As neural network technologies become more advanced, there is increasing interest in using them for investing and trading strategies. However, quality resources on this topic can be difficult to find, especially free ones. This article provides tips on where to look on platforms like GitHub and Reddit to find free neural network investing strategies, code, and discussion.

Search GitHub for neural network trading algorithm repositories
GitHub hosts millions of open source projects, many of which relate to using neural networks and machine learning for finance and investing. Some key things to look for:
– Repositories specifically focused on neural network trading strategies and algorithms. The readme files and documentation may provide details on the approaches used.
– Notebooks providing walkthroughs and examples of implementing neural network models for tasks like stock price prediction. These show the code in action.

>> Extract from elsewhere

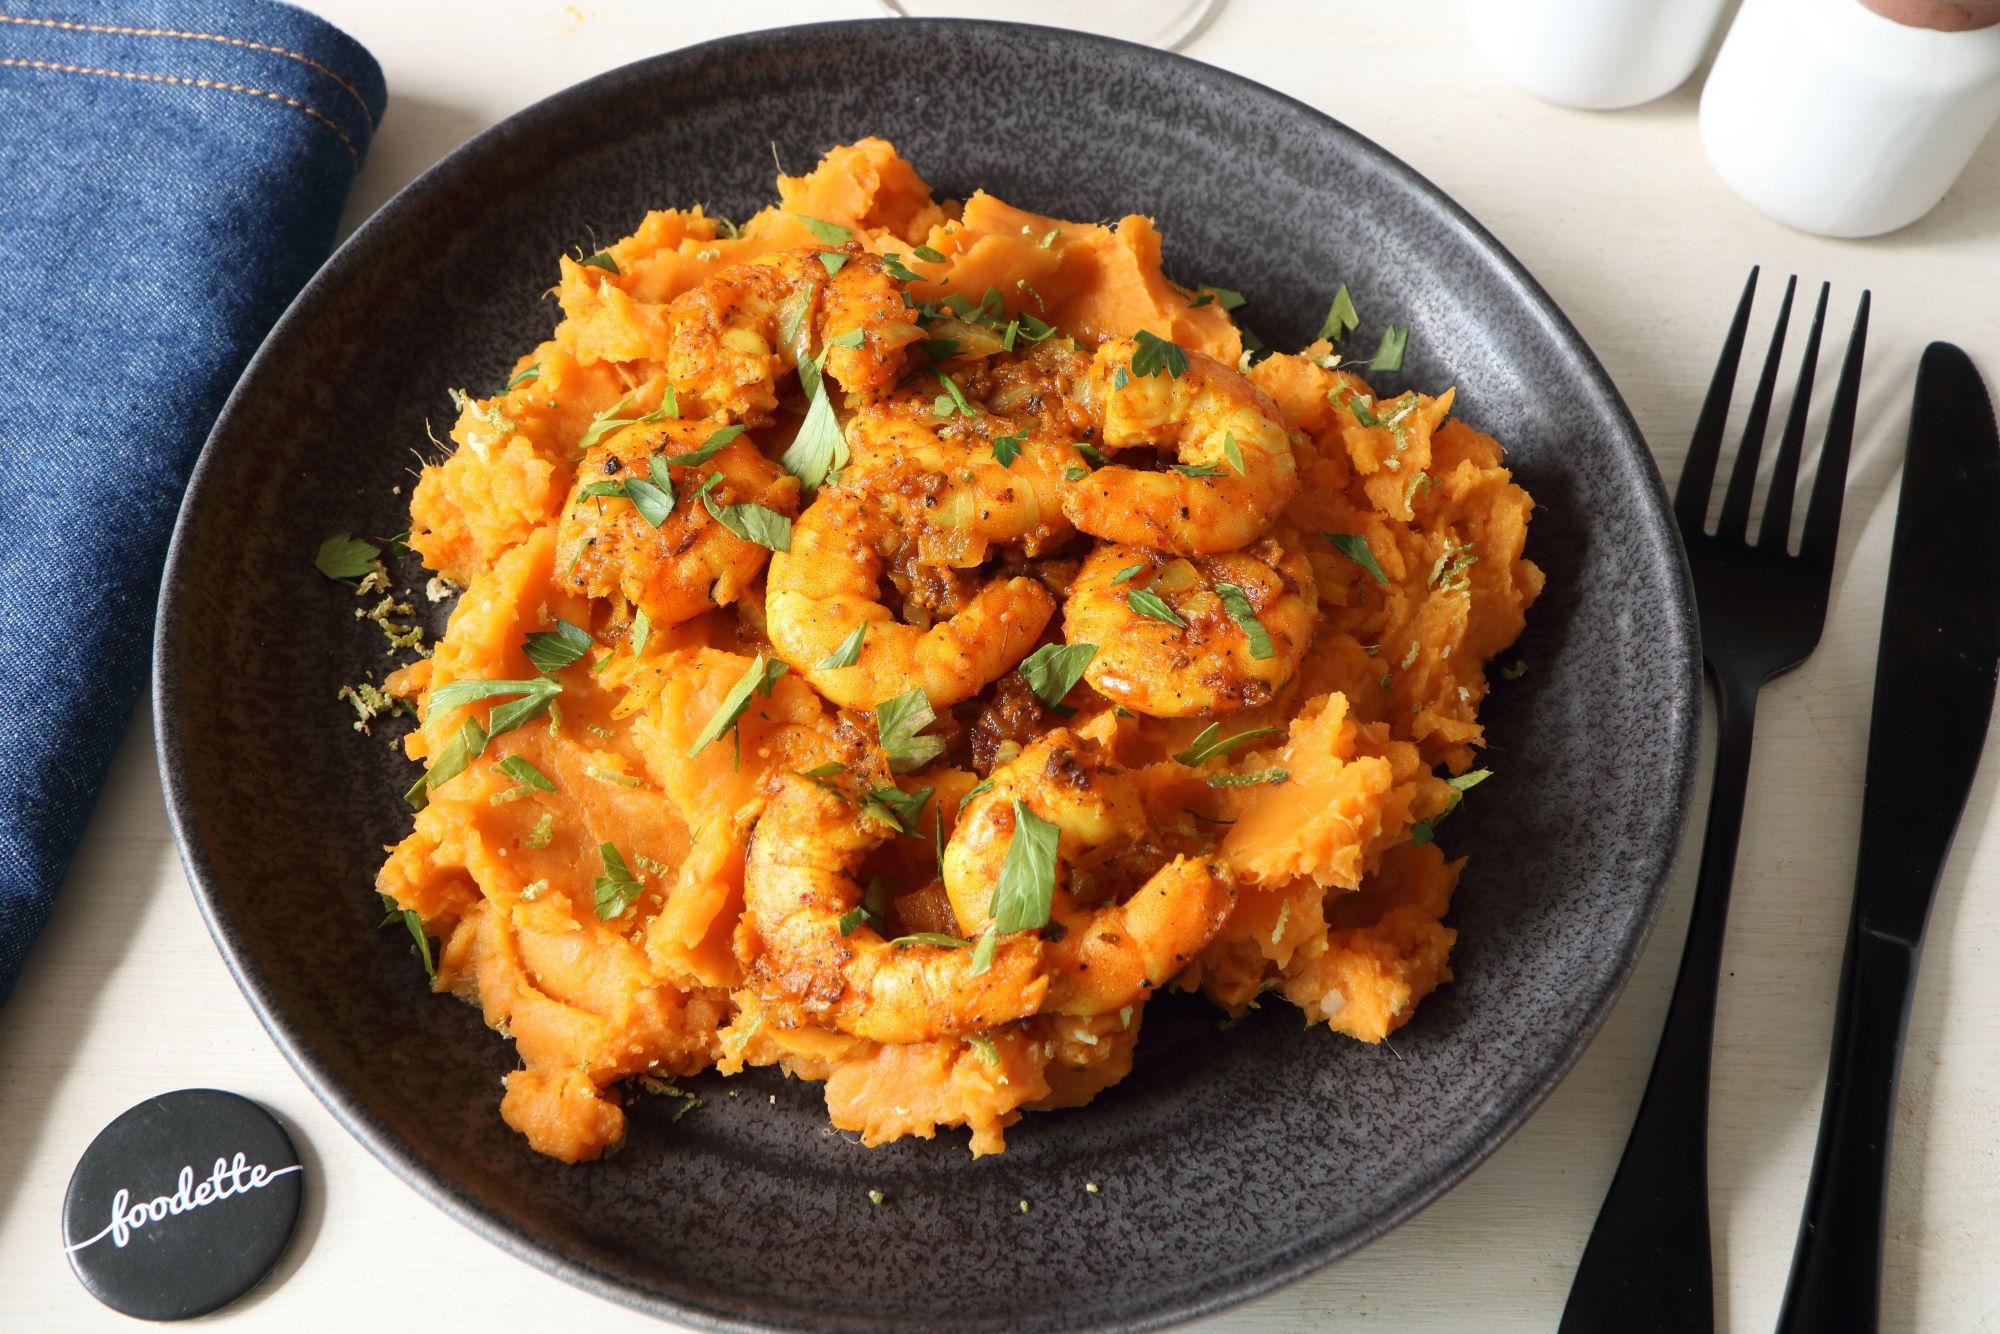 Crevettes cajun sautées et mashed sweet potatoes

– Libraries and frameworks for building neural network trading systems. These provide reusable components you can build on top of.
– Forking repositories allows you to use others’ code as a starting point for your own experiments. Remember to adhere to license terms.
Use GitHub’s search features to find repositories based on keywords like “neural networks”, “trading”, “finance”, “algorithms”, “quantitative”, etc. Sort by stars/forks to surface popular projects.
Join the algotrading and machine learning subreddits
Reddit hosts vibrant communities discussing quantitative and algorithmic trading strategies. Two useful ones are:
– r/algotrading – General discussion around developing and executing trading strategies and systems. Members share ideas, code, and lessons learned. Lots of interest around machine learning and neural network approaches.
– r/MachineLearning – Broader machine learning subreddit with some discussion around applications in finance. Useful for finding general advice on building and evaluating neural network models.
As a newcomer, read subreddit wikis, top posts, and FAQs to get an overview. Then search historical posts on key topics like “neural networks”, “deep learning”, “trading”, etc. Comment, ask questions, and join the discussion around promising strategies.
Check papers and datasets on ArXiv and Kaggle
In addition to code and discussion forums like GitHub and Reddit, two other useful sources for machine learning and neural network trading research are:
– ArXiv – Massive collection of academic papers including lots of finance and investing focused machine learning research. Can filter by categories like q-fin (quantitative finance), stat, cs, etc.
– Kaggle – Hosts machine learning competitions and datasets. Some challenges provide market data to develop models for tasks like price prediction. Useful for model inspiration and real-world data.
Reviewing papers explains the latest experimental neural network trading approaches being researched. And datasets provide the raw materials to build your own models.
GitHub, Reddit, ArXiv, and Kaggle provide abundant public resources to learn about using neural networks for investing and trading for free. The code repositories, forums, papers, and data available can inspire novel strategies or provide building blocks to implement your own ideas.